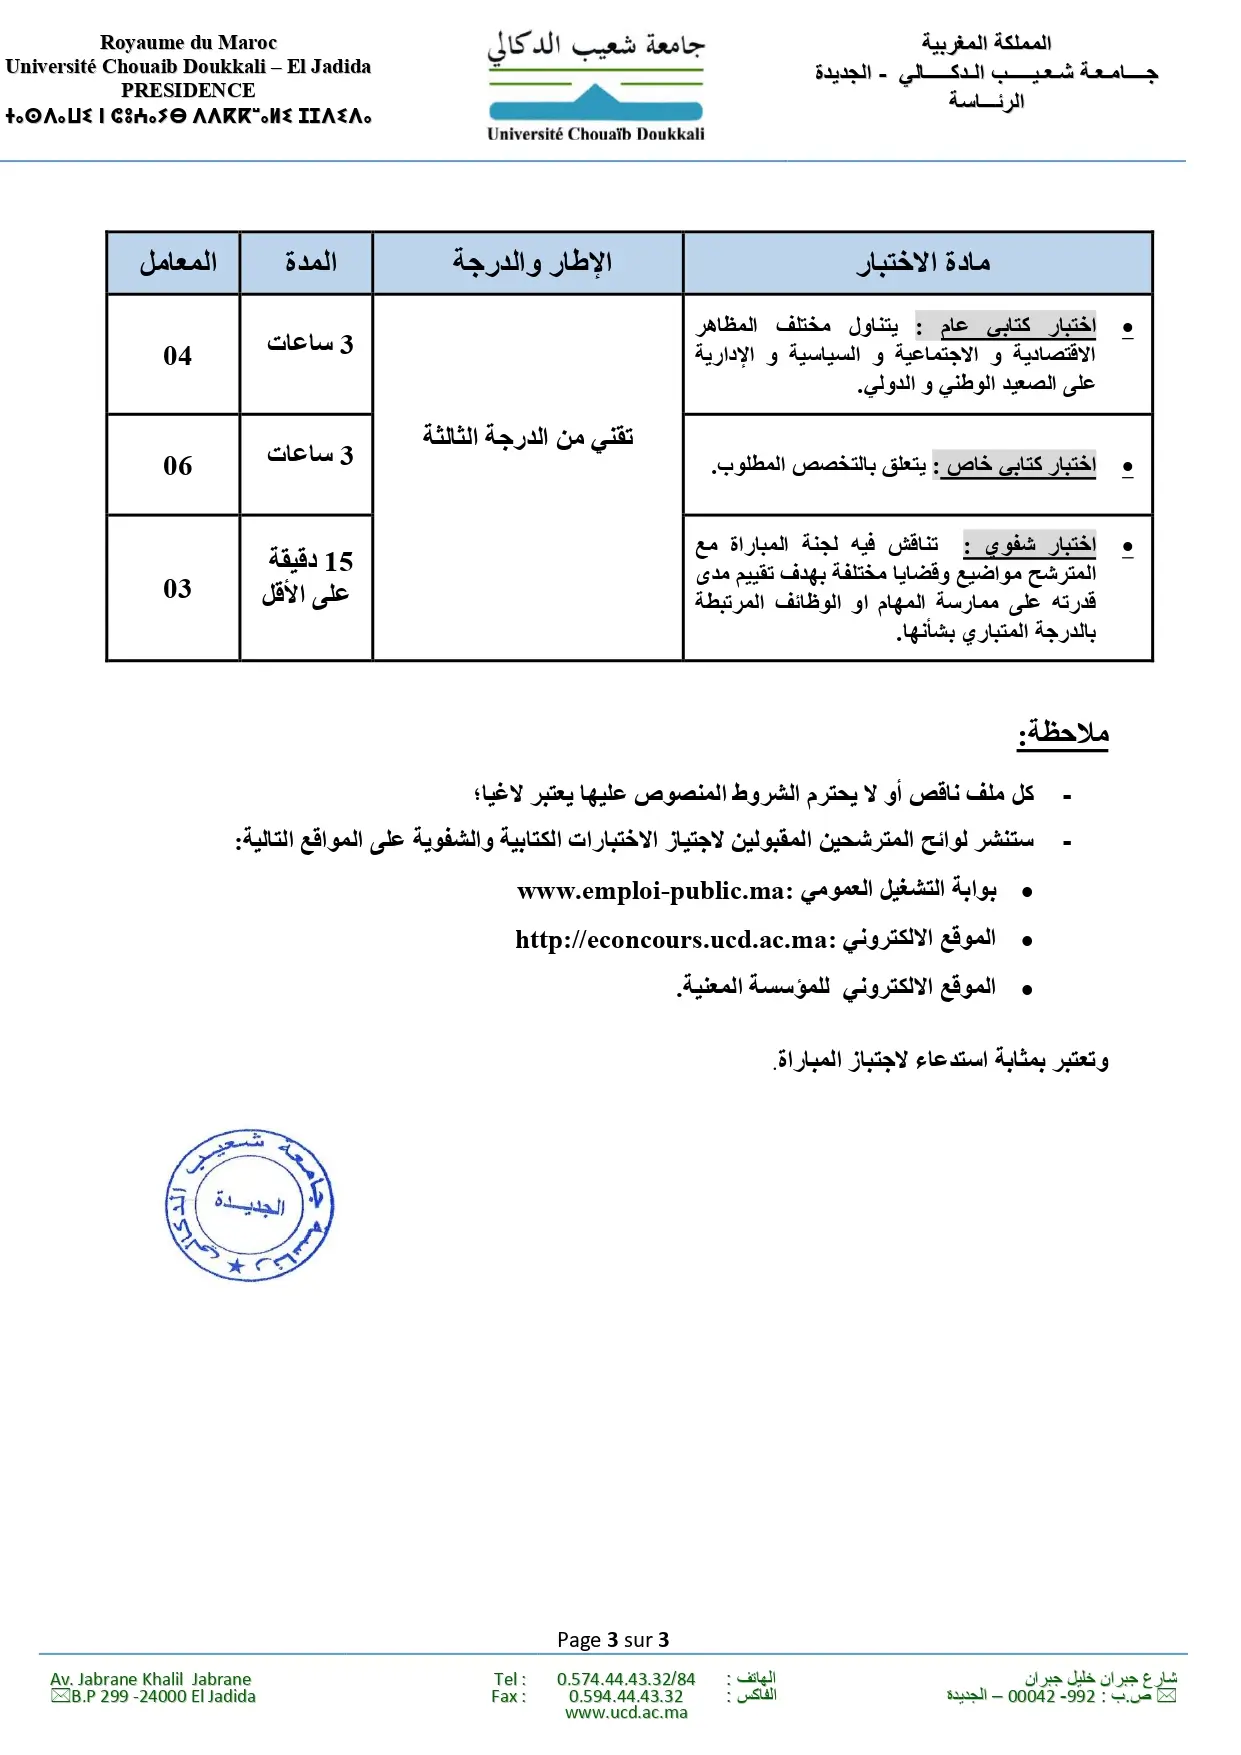 Concours Université Chouaib Doukkali 2023 (13 postes)
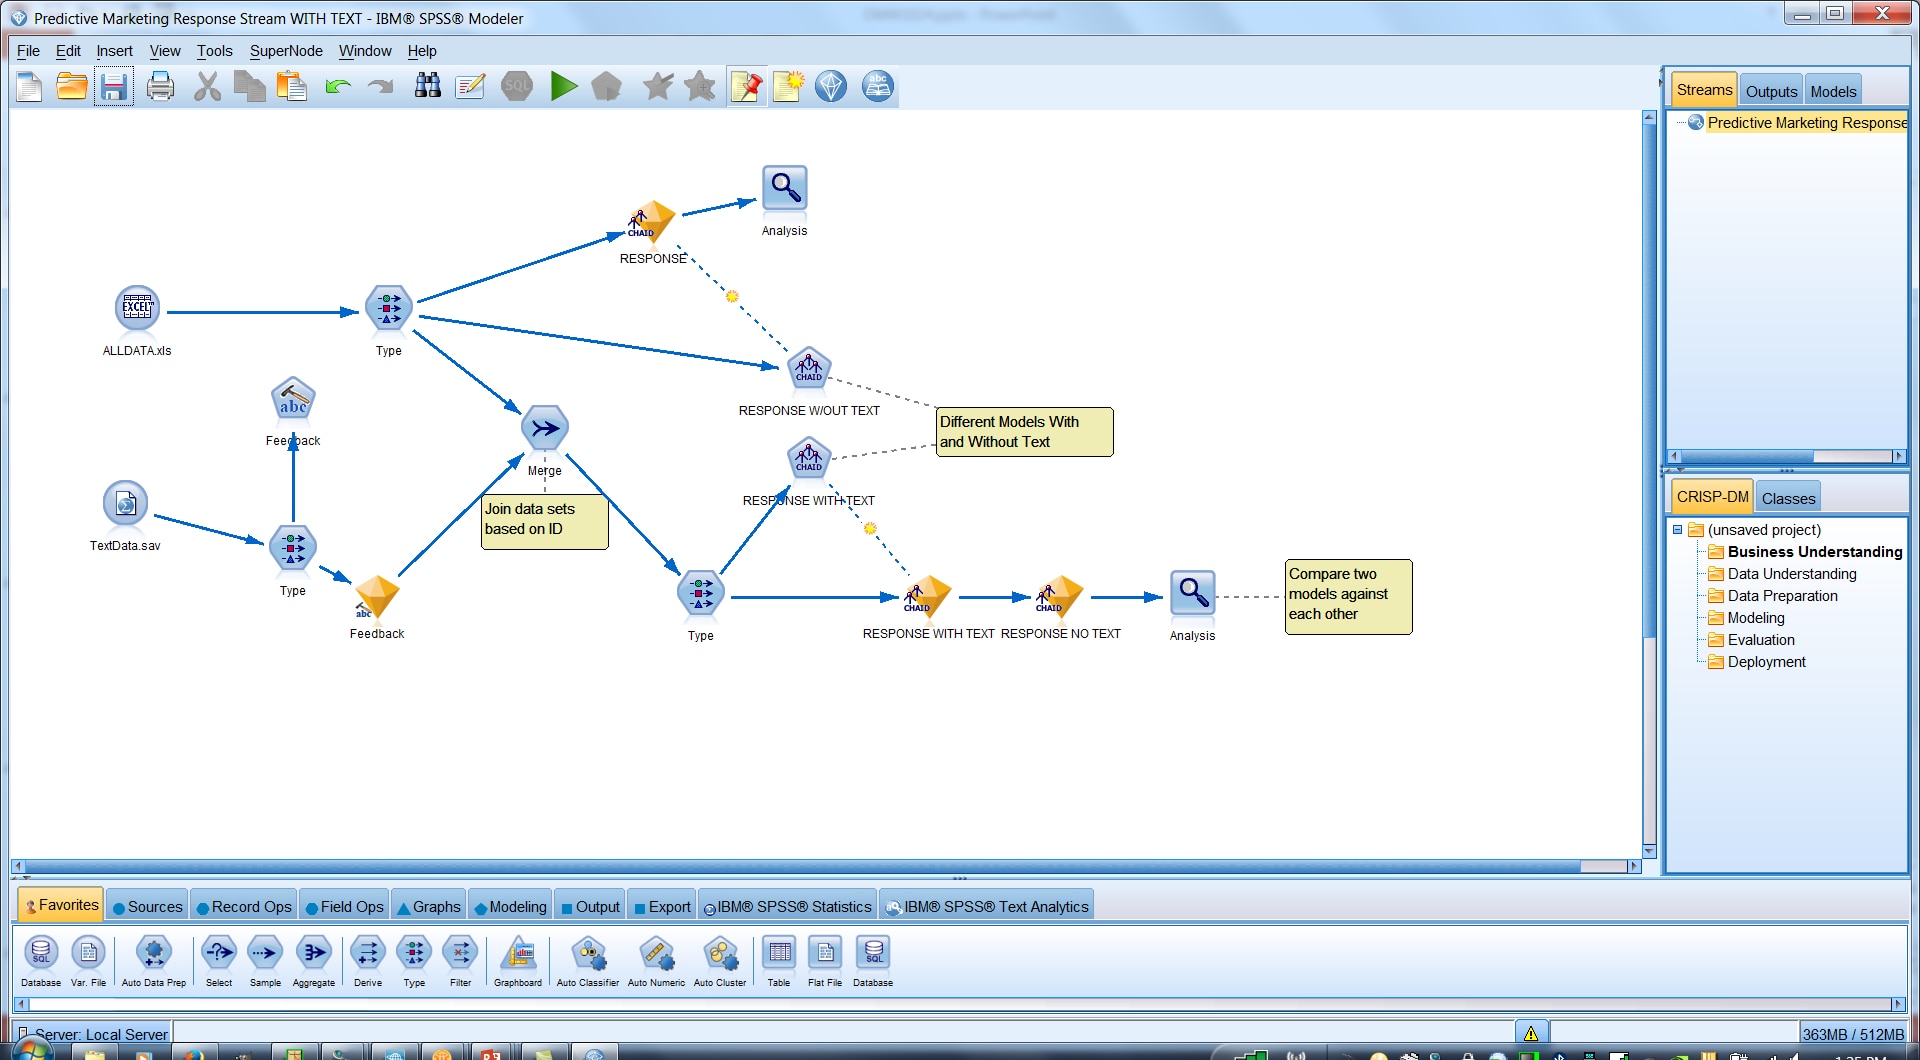 Schema van IBM SPSS Modeler.
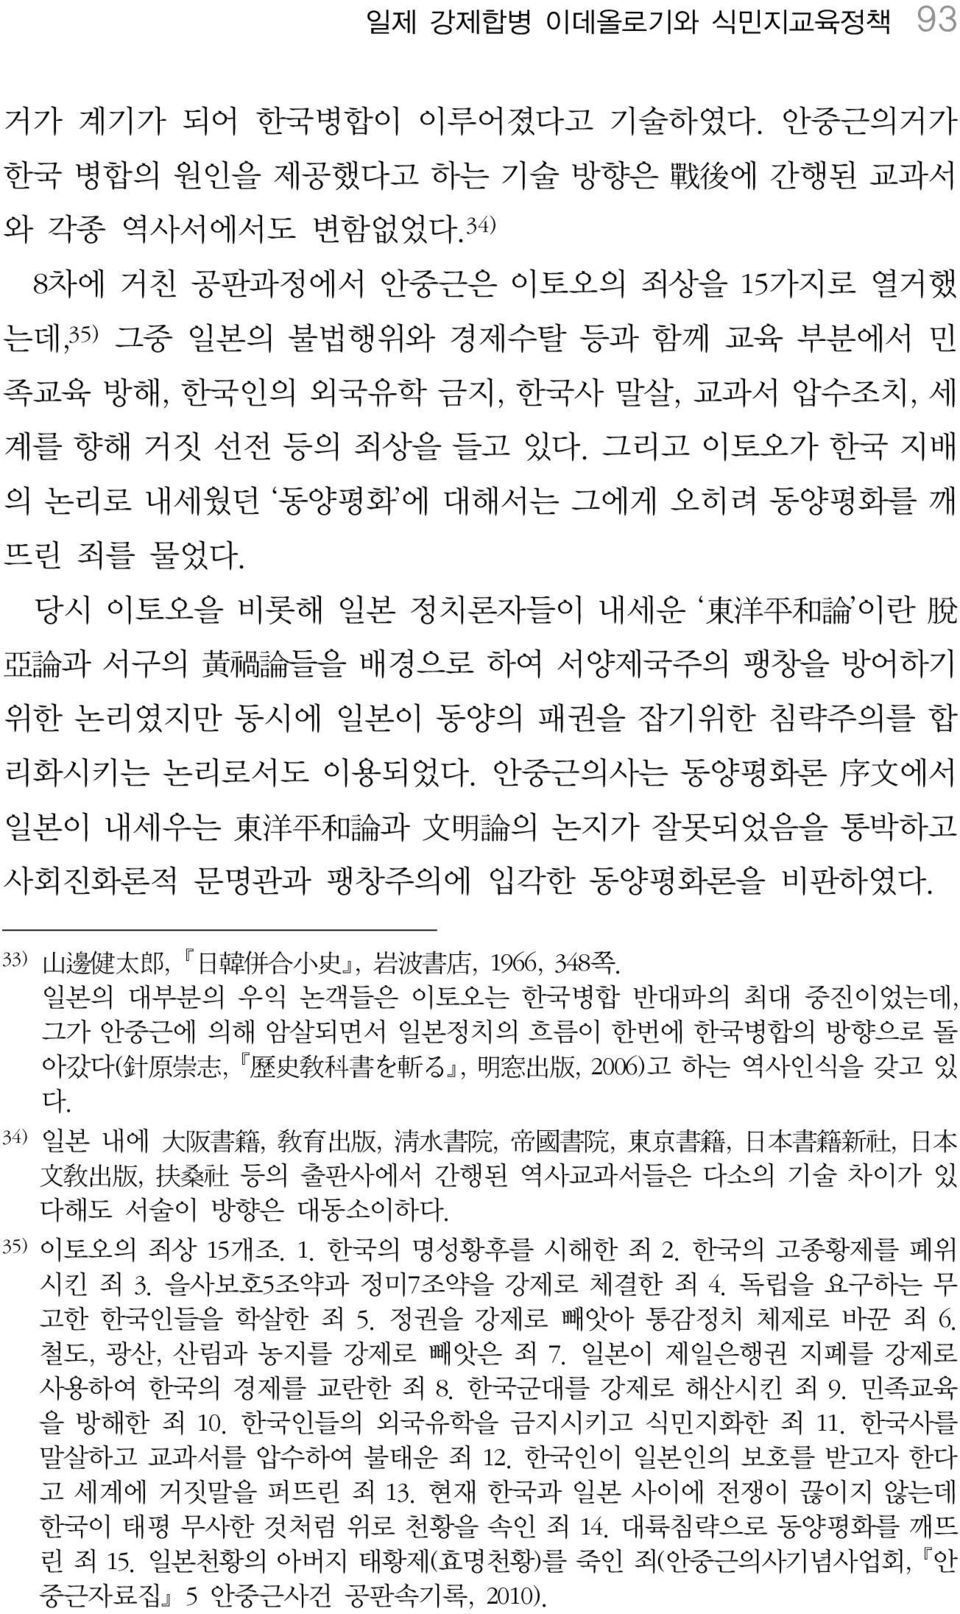 그리고 이토오가 한국 지배 의 논리로 내세웠던 동양평화 에 대해서는 그에게 오히려 동양평화를 깨 뜨린 죄를 물었다.
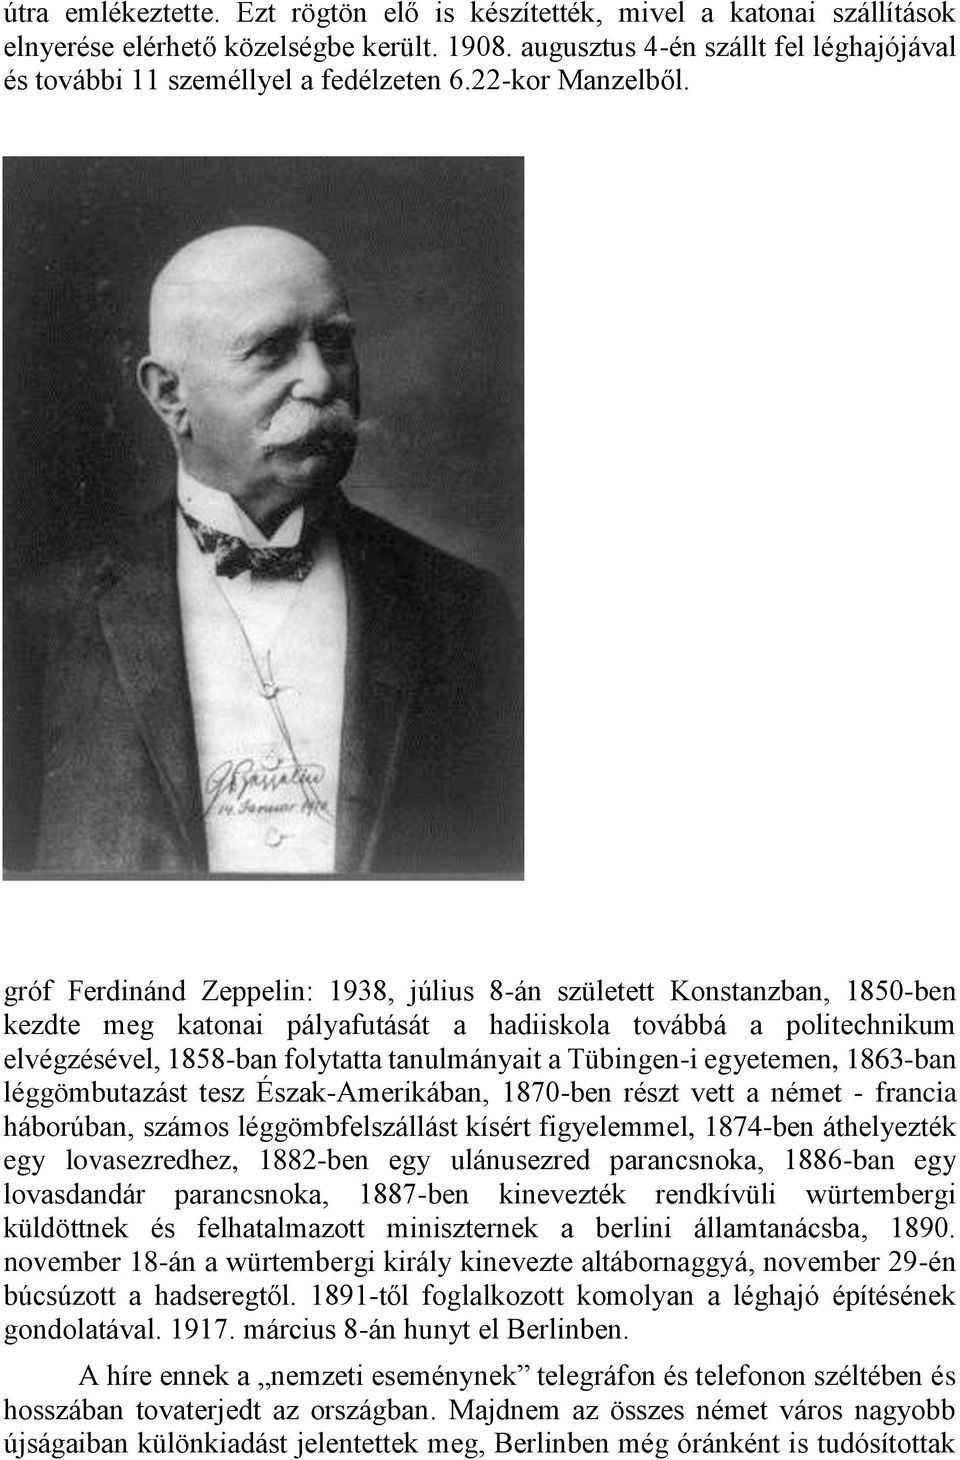 gróf Ferdinánd Zeppelin: 1938, július 8-án született Konstanzban, 1850-ben kezdte meg katonai pályafutását a hadiiskola továbbá a politechnikum elvégzésével, 1858-ban folytatta tanulmányait a

□ □ □ □ □ □ □

• [DIRECTIONS FOR THIS TASK] Produce an exact copy of every line above, with the images left out.

• [TASK OUTPUT]
 Concours Université Chouaib Doukkali 2023 (13 postes)
 Schema van IBM SPSS Modeler.
 그리고 이토오가 한국 지배 의 논리로 내세웠던 동양평화 에 대해서는 그에게 오히려 동양평화를 깨 뜨린 죄를 물었다.
 gróf Ferdinánd Zeppelin: 1938, július 8-án született Konstanzban, 1850-ben kezdte meg katonai pályafutását a hadiiskola továbbá a politechnikum elvégzésével, 1858-ban folytatta tanulmányait a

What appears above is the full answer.